| ACTIVITY |
Give the data again in full, without pictures.

| DATA EXTRACT |
++++

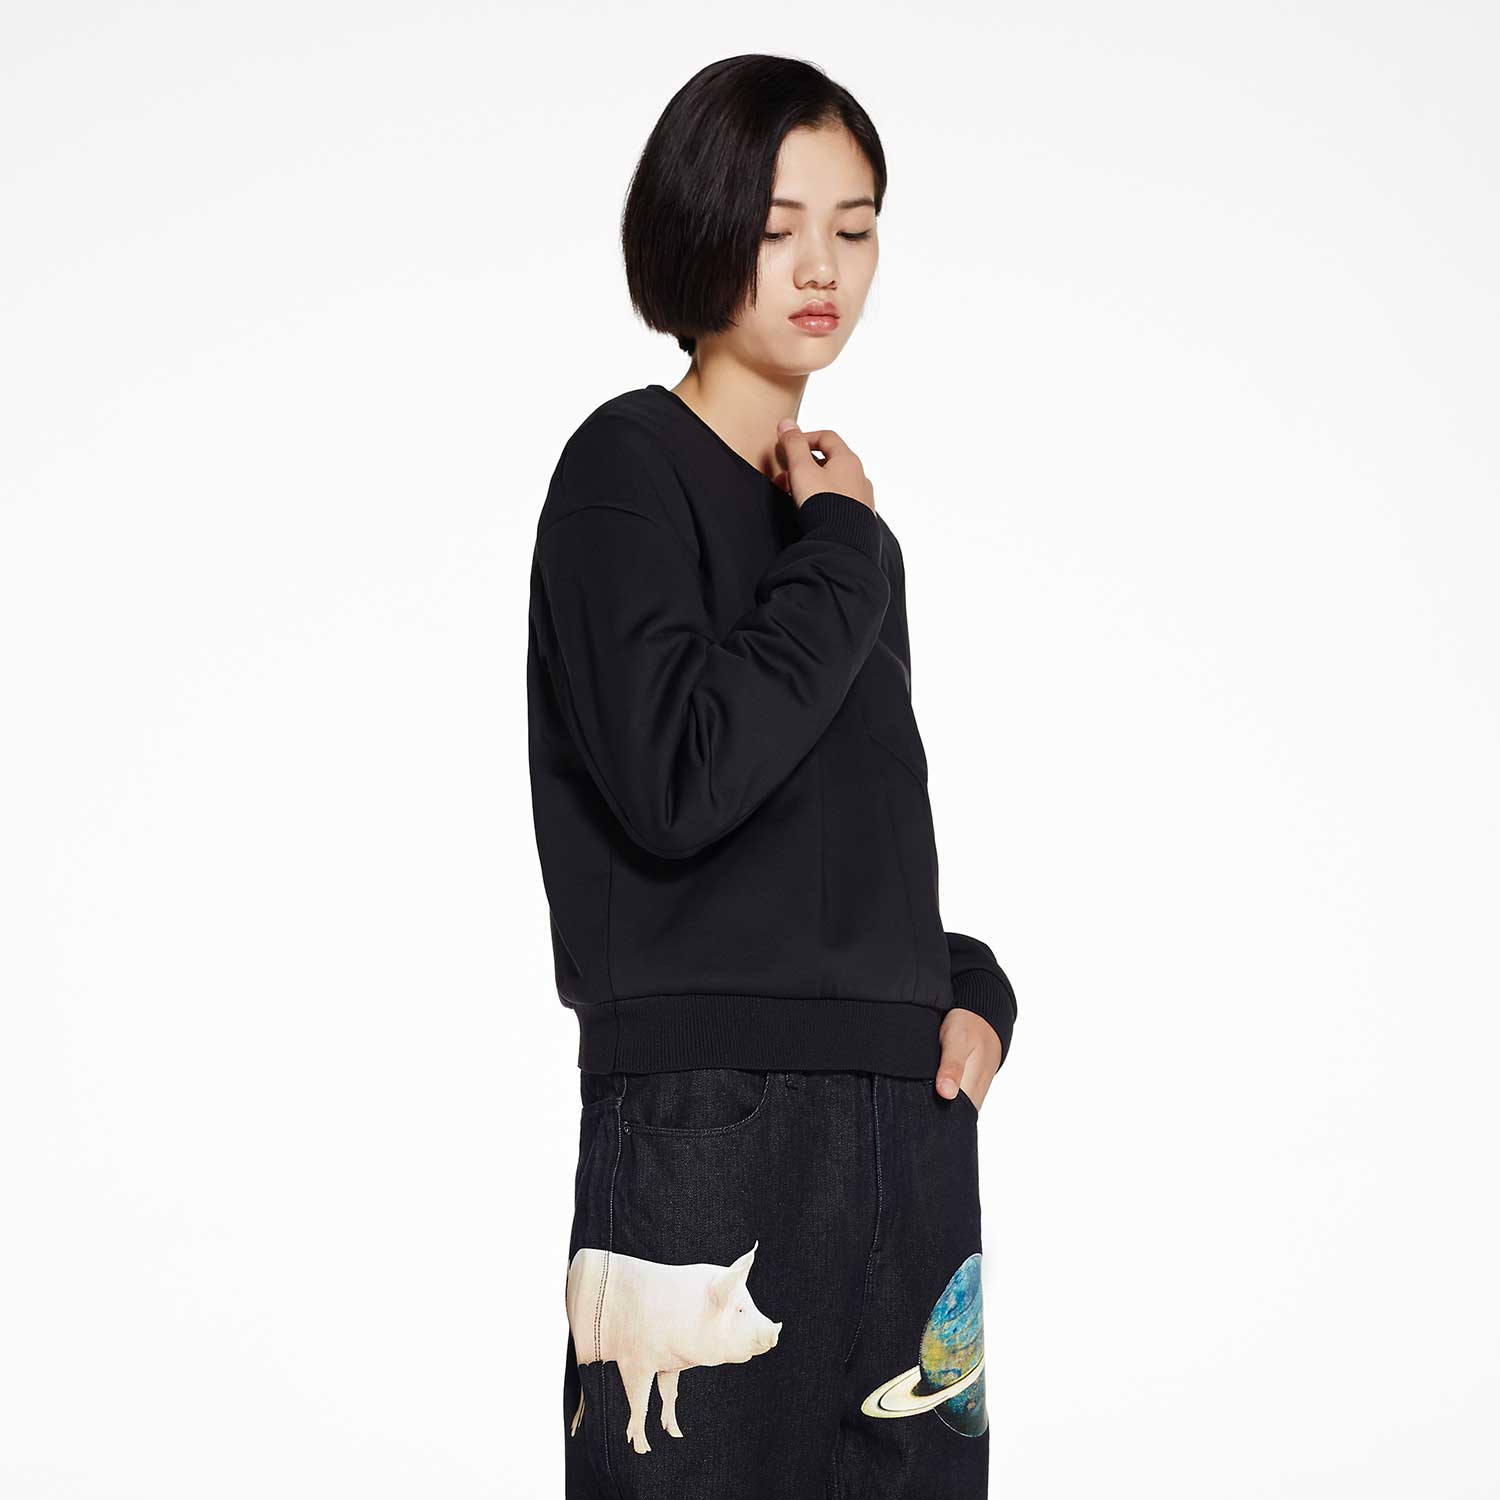 JNBY/江南布衣秋季新款时尚休闲女式长袖纯色短款棉衣5F990124产品展示图5
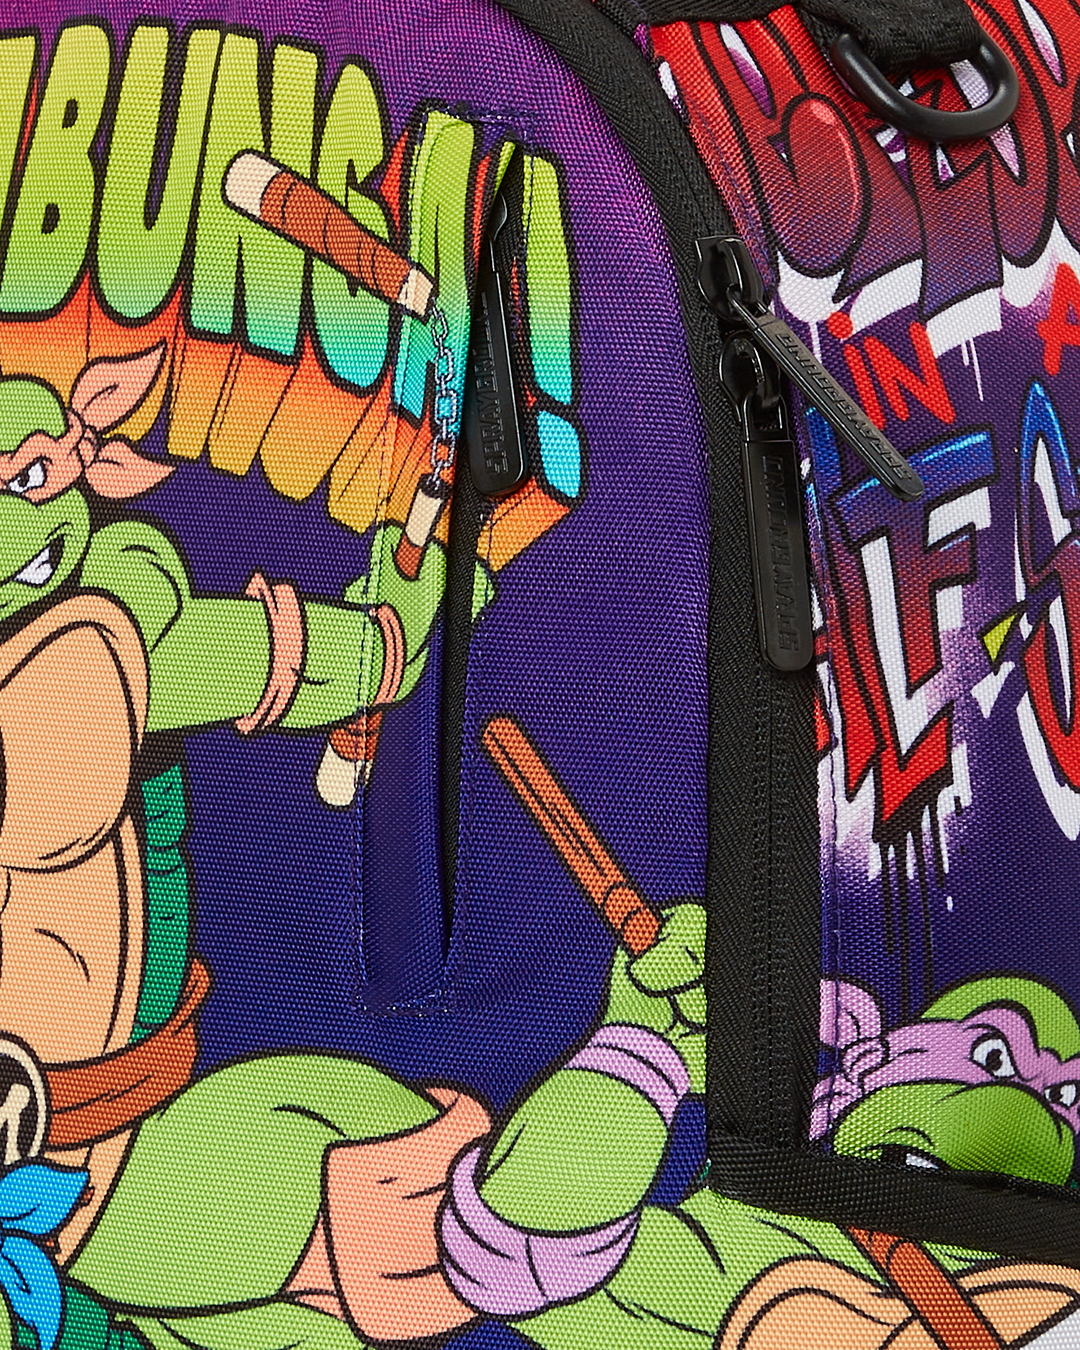 NEW! RARE STYLE! Teenage Mutant Ninja Turtles Backpack Spray Paint Graffiti  Art
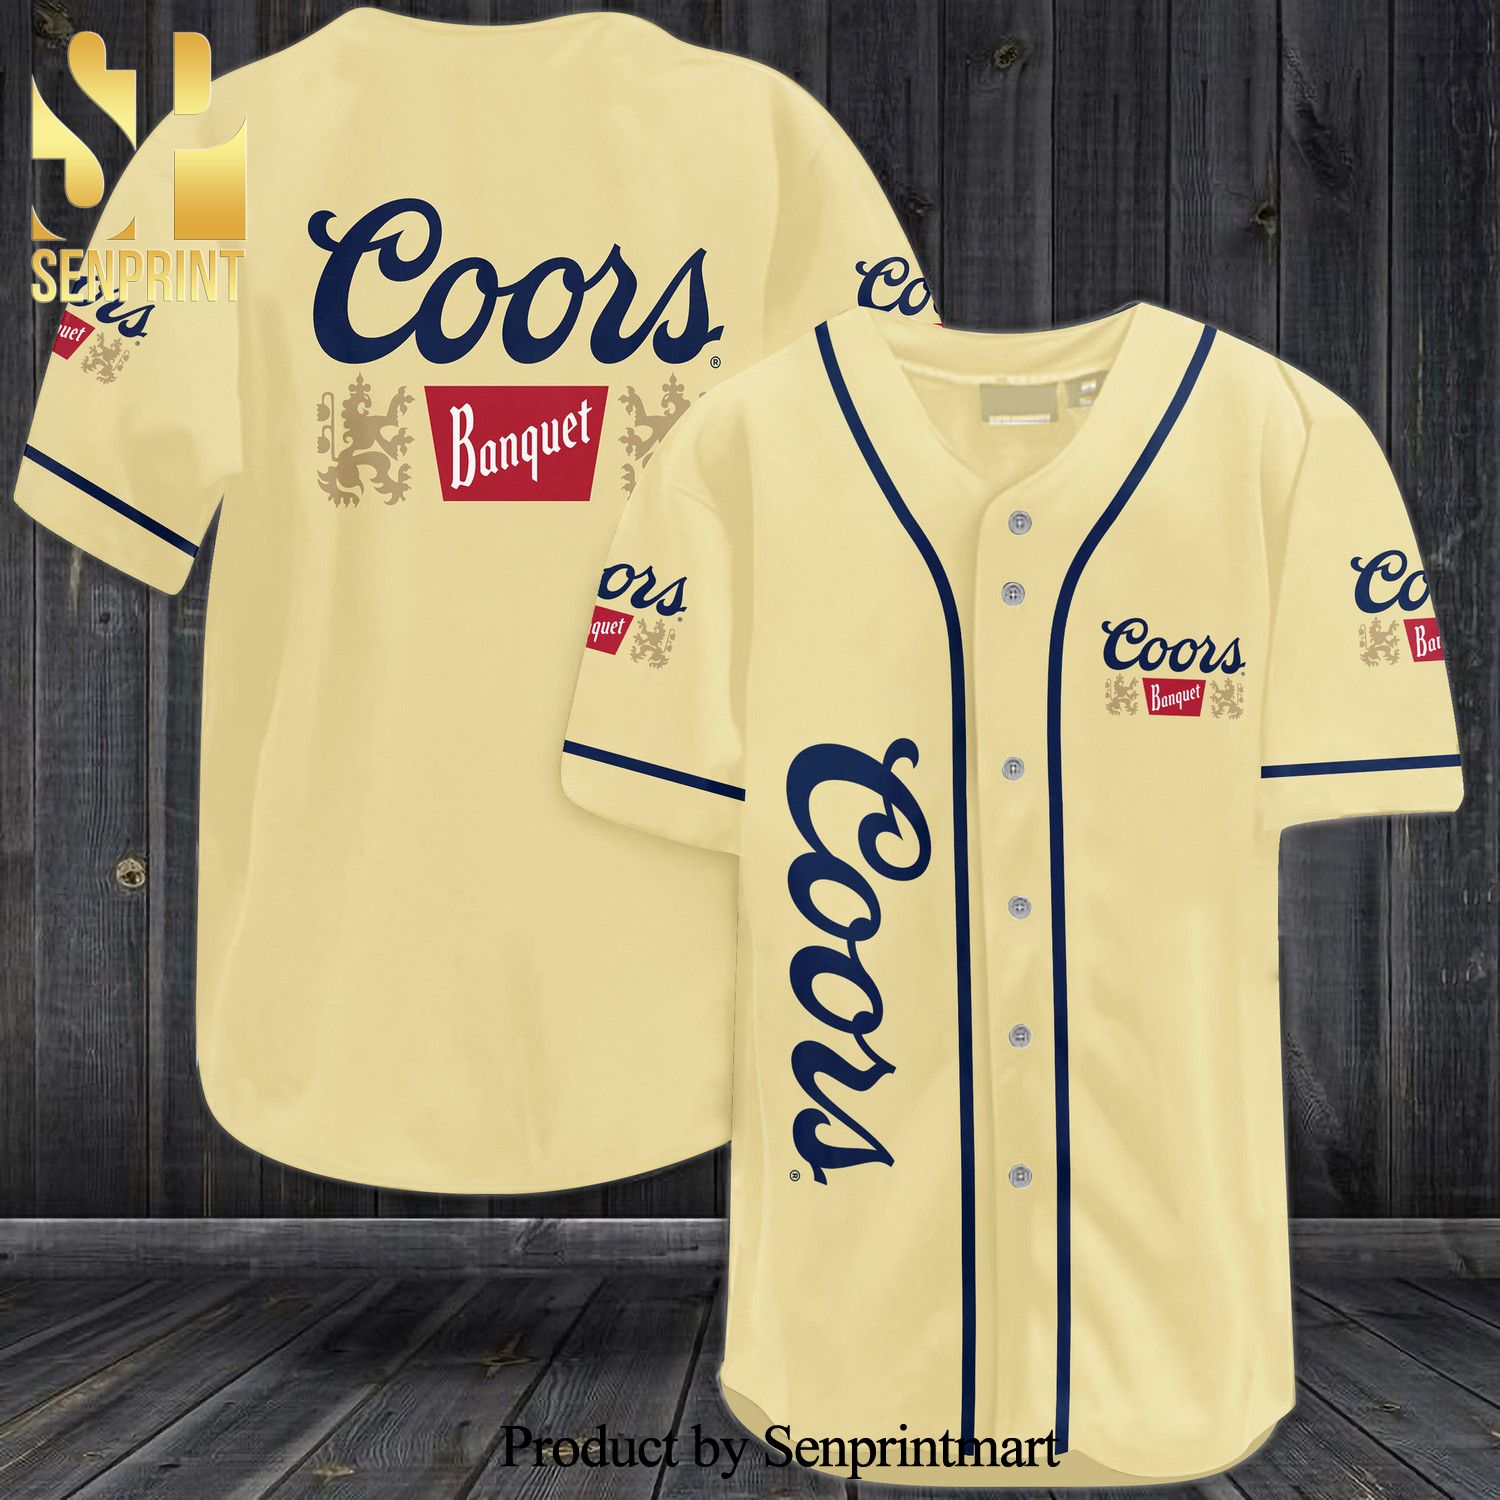 Coors Banquet All Over Print Baseball Jersey – Beige

++++

| TASK ANSWER |
 JNBY/江南布衣秋季新款时尚休闲女式长袖纯色短款棉衣5F990124产品展示图5
 NEW! RARE STYLE! Teenage Mutant Ninja Turtles Backpack Spray Paint Graffiti  Art
 Coors Banquet All Over Print Baseball Jersey – Beige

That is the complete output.